Splitting bigger documents for NER

Hi,

My team is using Prodigy to label and train a Named Entity Recognizer, and we have a couple of questions about it. We have documents, 5-20 pages, we would use around 8 new Entities and a LOC Entity from de_core_news_md. We are wondering:

  1. Should we split the documents? If yes, what is the best practice to do so? There is around 1-3 appearances of each label in the whole document. Should we split documents by page or even by paragraph?

  2. How should we prepare (split) documents then, when we use doc = nlp(text) to make predictions? Same way, like in training?

  3. If we are going to use a pretrain model, what is the best recipe to start with?

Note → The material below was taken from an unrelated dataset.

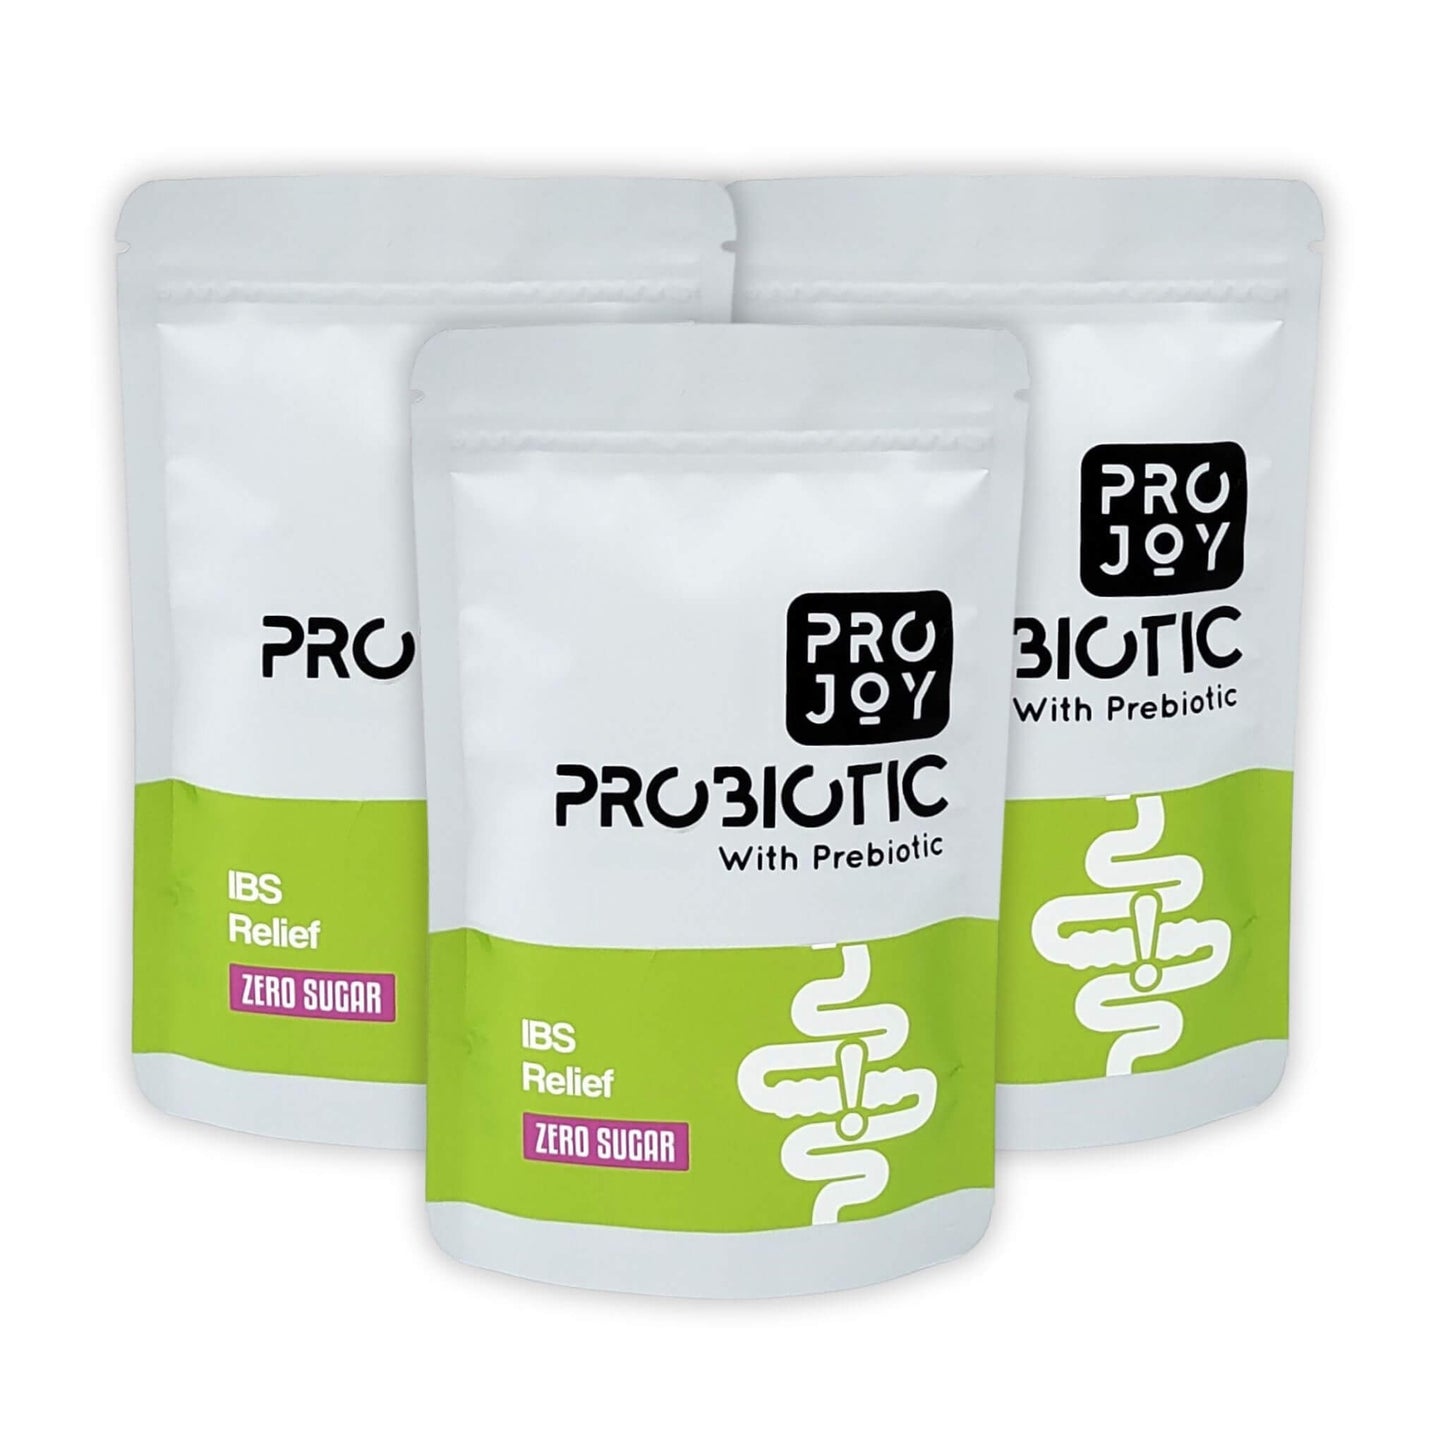 Projoy IBS Relief Probiotic with Prebiotics

  4. There is no recipe to evaluate the quality of models in prodigy with evaluation data set. Am I right? So we should use

spacy evaluate model ? Evaluation data in the binary .spacy format. We can use

spacy convert input_file to convert Datat to binary from prodigy db-out command. Is it right, or is there another, better way to do it?

Thank you!

Yes, in general, I'd recommend looking into that. There's not really an advantage of annotating whole documents as one because it's less efficient for the annotator and the model will only take the local context into account anyway, so you might as well be annotating sentences or paragraphs.

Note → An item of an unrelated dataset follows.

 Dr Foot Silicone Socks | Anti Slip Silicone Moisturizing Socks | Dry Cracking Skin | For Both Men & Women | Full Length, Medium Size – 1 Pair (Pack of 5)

How you do it kinda depends on your data and what makes the most sense. You could use a simple preprocessing script that splits on, say, \n\n to create the paragraphs, or use spaCy's doc.sents (either via the dependency parse, a trained senter component or a simpler, rule-based sentencizer component) to split into sentences. You might just want to experiment here to see what works best.

Yes, with any preprocessing you're doing, it's usually a good idea to run the same preprocessing during annotation and at runtime.

Yes, spacy evaluate already does exactly what you want here so there's no need for Prodigy to provide its own evaluation command that's just a copy of that.

In Prodigy, you want to be using data-to-spacy to export your annotations (training and evaluation data) as a .spacy files. You can then train and evaluate with spaCy directly if you want.